He screamed, and slumped to the floor—
There was
carpet beneath him that didn’t shine with the heat and light of the runes and
the equations. There was a wand in his hand.
And his head
felt lighter, in a way he couldn’t explain, as if a weight bound to it since he
was born had dropped off. He blinked and raised a hand to touch his brow,
pausing when he saw the fingers were longer and paler and slimmer than the ones
that he recognized as his own, not crisscrossed with as many dirt or calluses.
They did it. They really did it.
He looked
up in wonder and saw his own body in front of him.

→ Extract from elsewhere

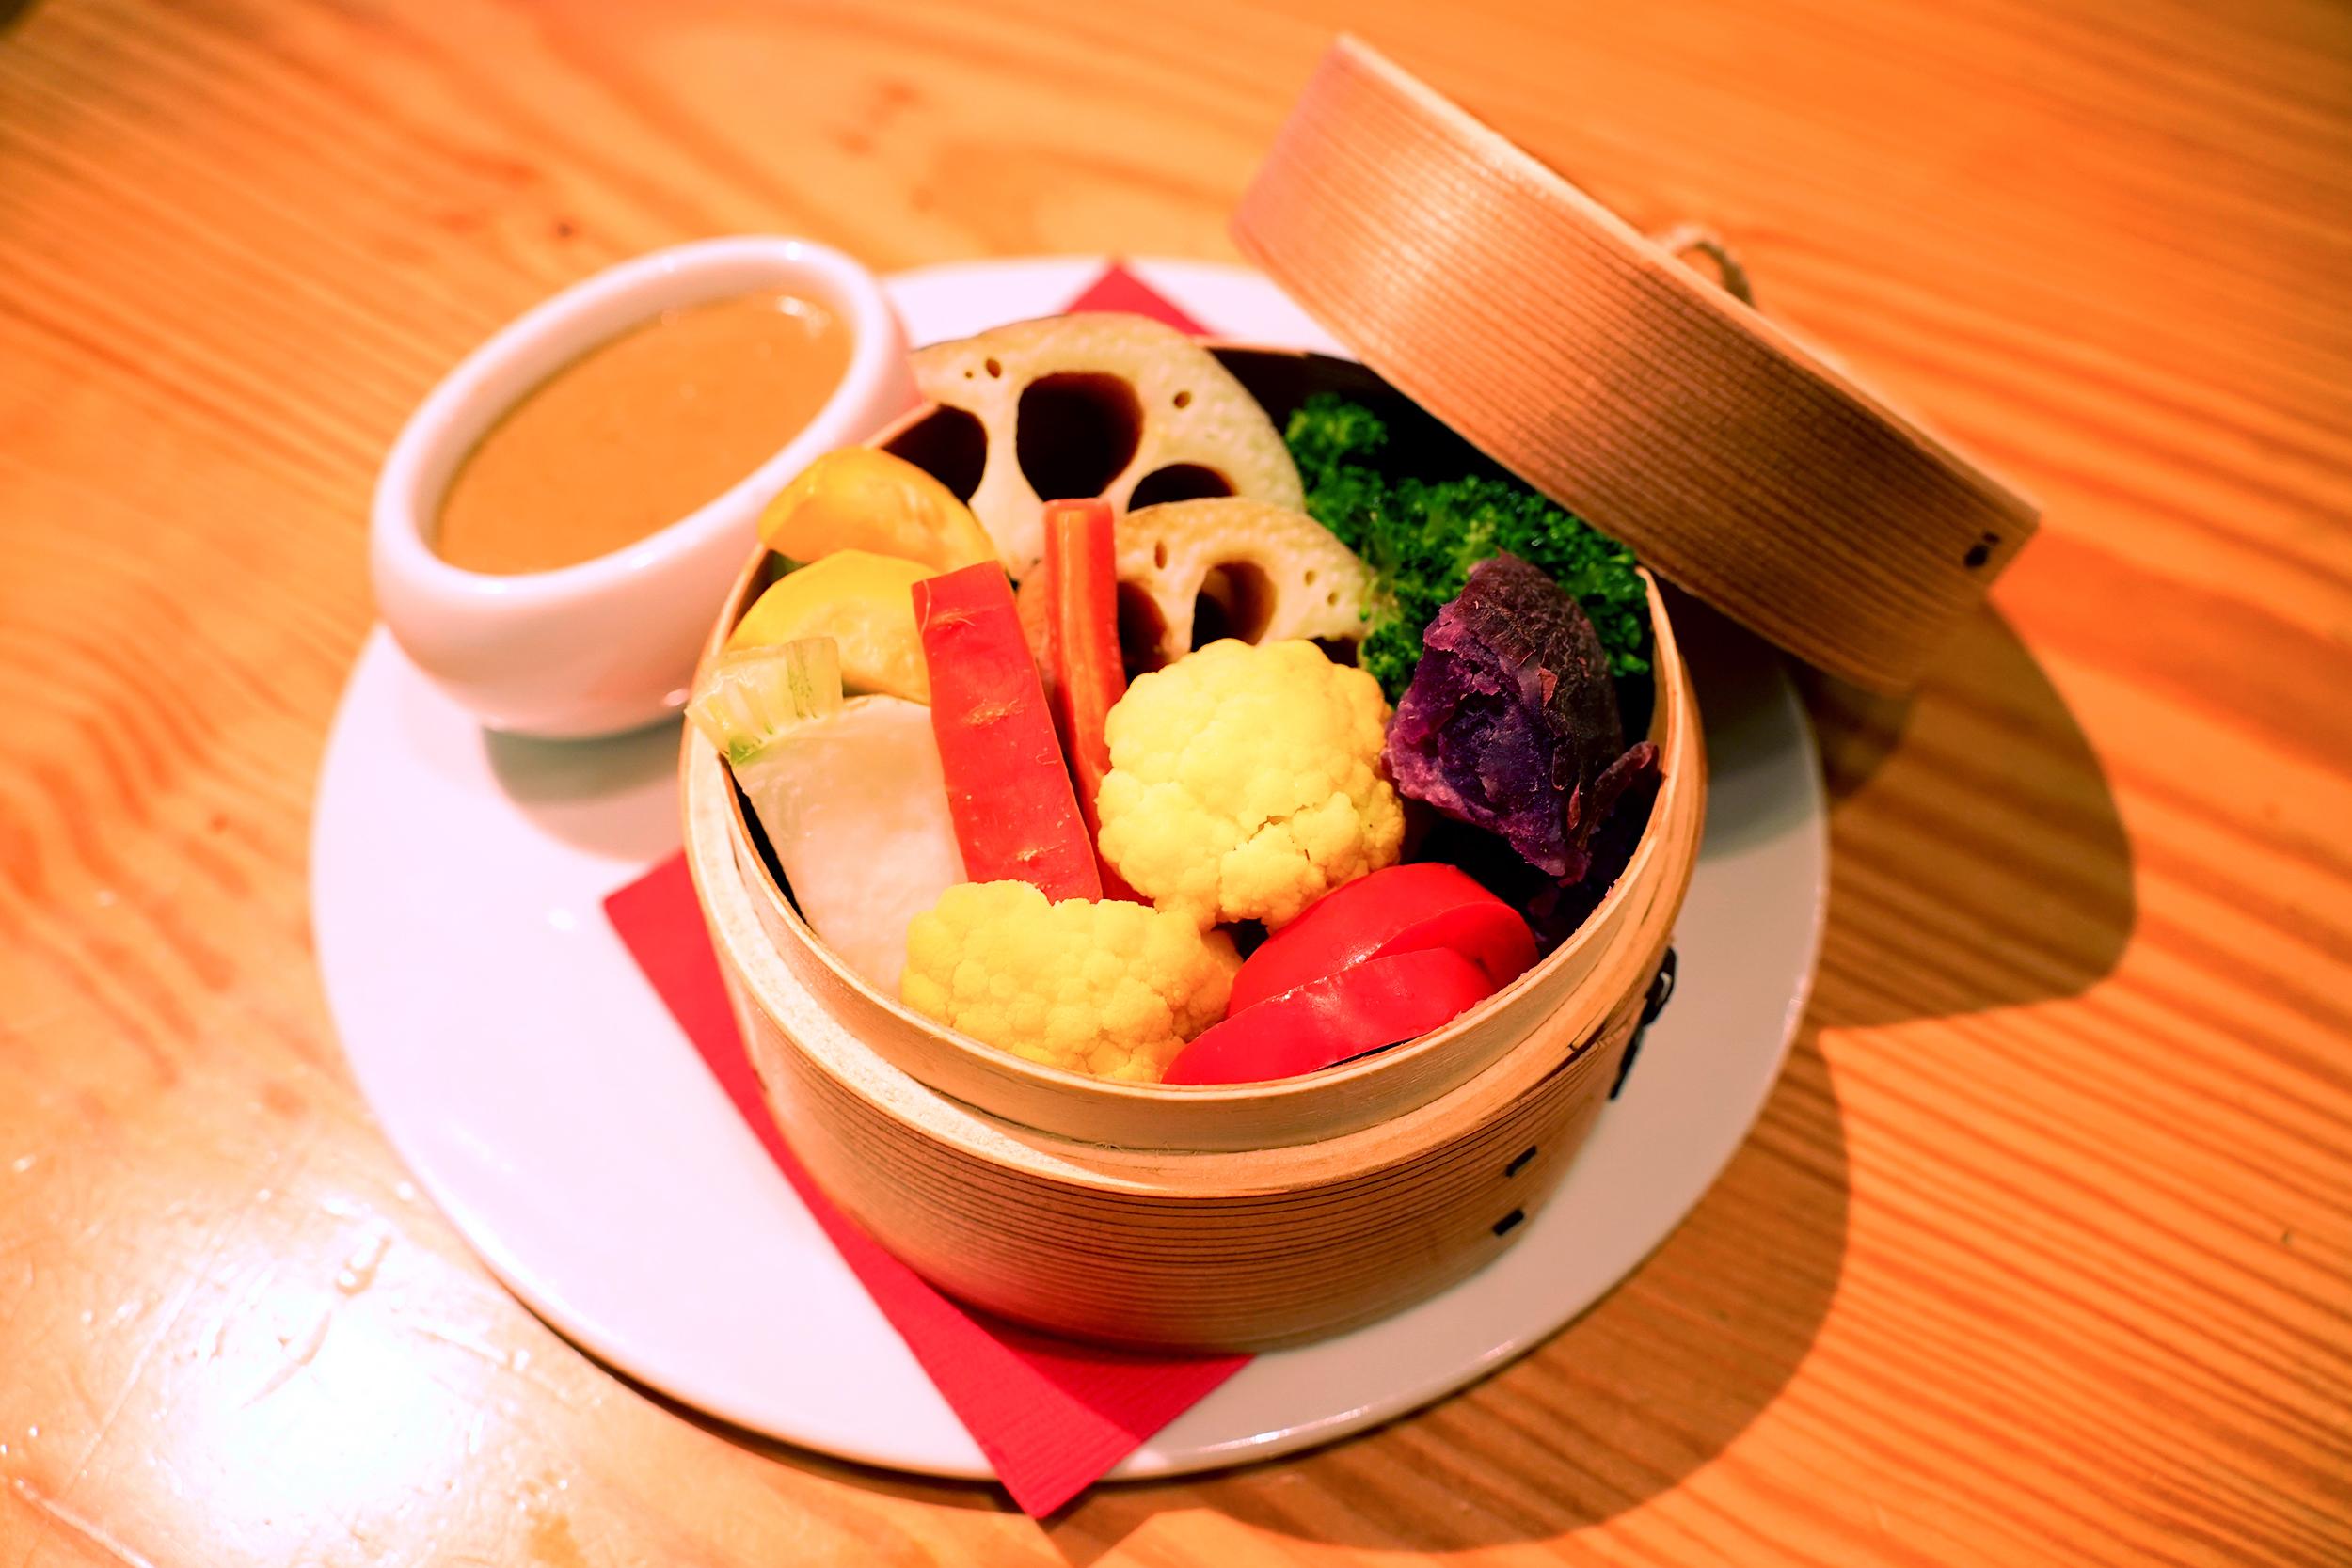 彩り野菜の蒸籠蒸し カニ味噌のバーニャカウダ<br />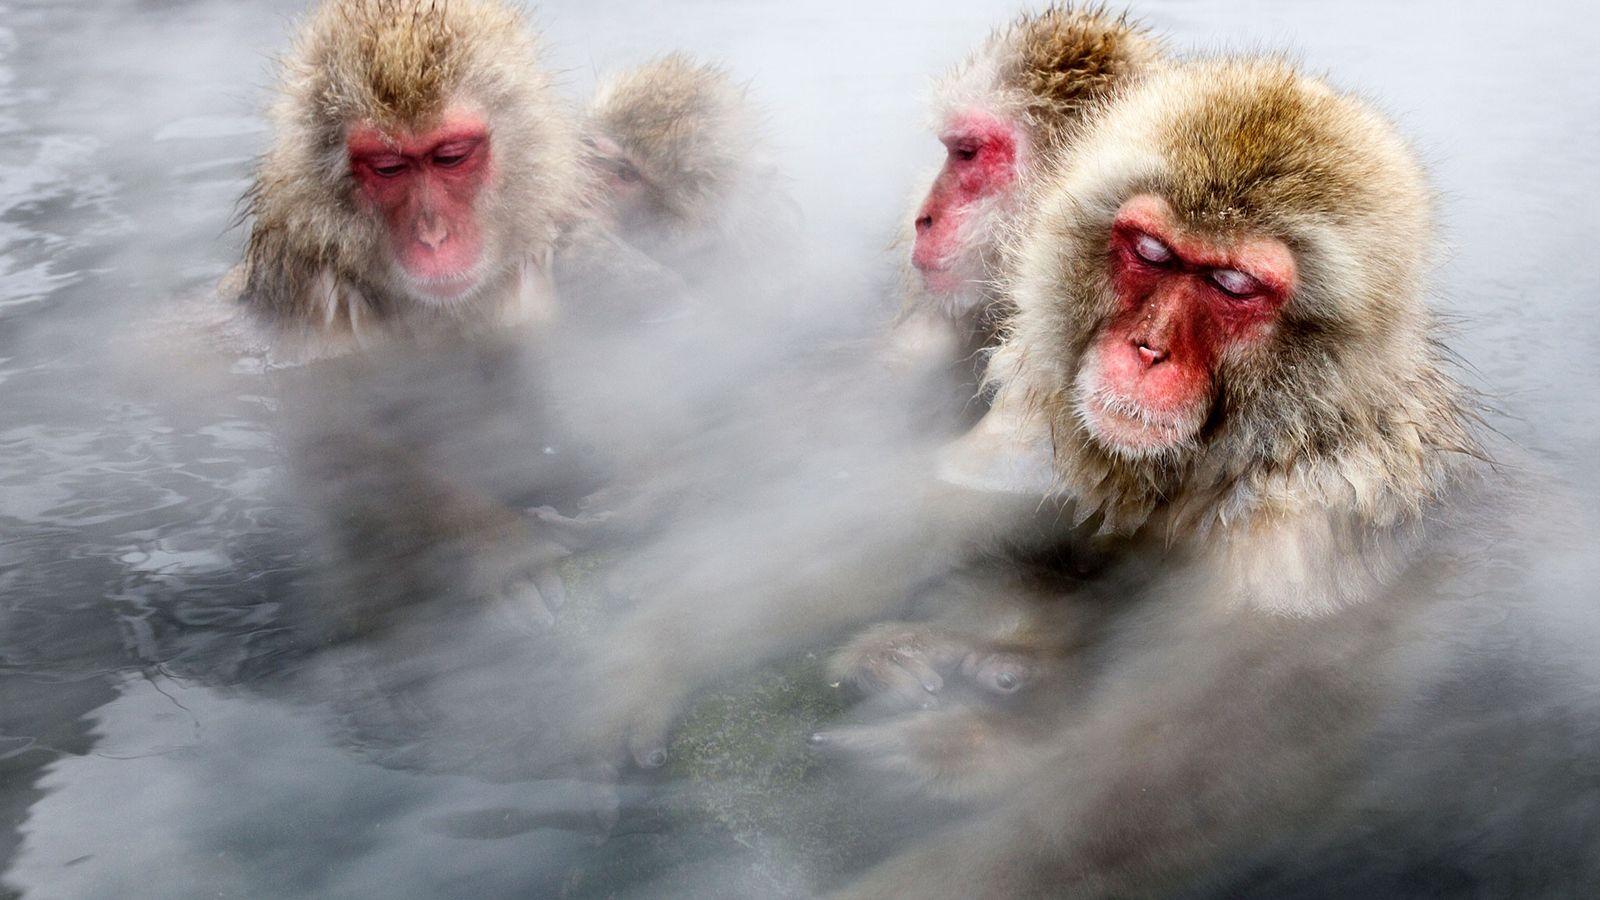 Os macacos mergulham em água fervente na localidade de Jigokudani, no Japão.

His face was squinted up,
his scar standing out, an angry red, and his eyes shut. Draco clutched at his
hair and made a soft moaning noise. Harry raised the wand he held
instinctively, and then realized that it had no magical force inside it; he
might as well as have been clutching an ordinary plank.
Of course. Draco took the essence of the Elder Wand
with him when he switched into my body.
“Draco,” he said, and struggled not
to be distracted by the fact that his voice didn’t sound like his own. “Are you
all right?”
Slowly,
Draco fought a pair of green eyes open. He was grimacing, but he made some effort
to smile when he caught Harry’s gaze.
“Perfectly
all right,” he croaked. “We—did it once, and now we’re about to do it again.”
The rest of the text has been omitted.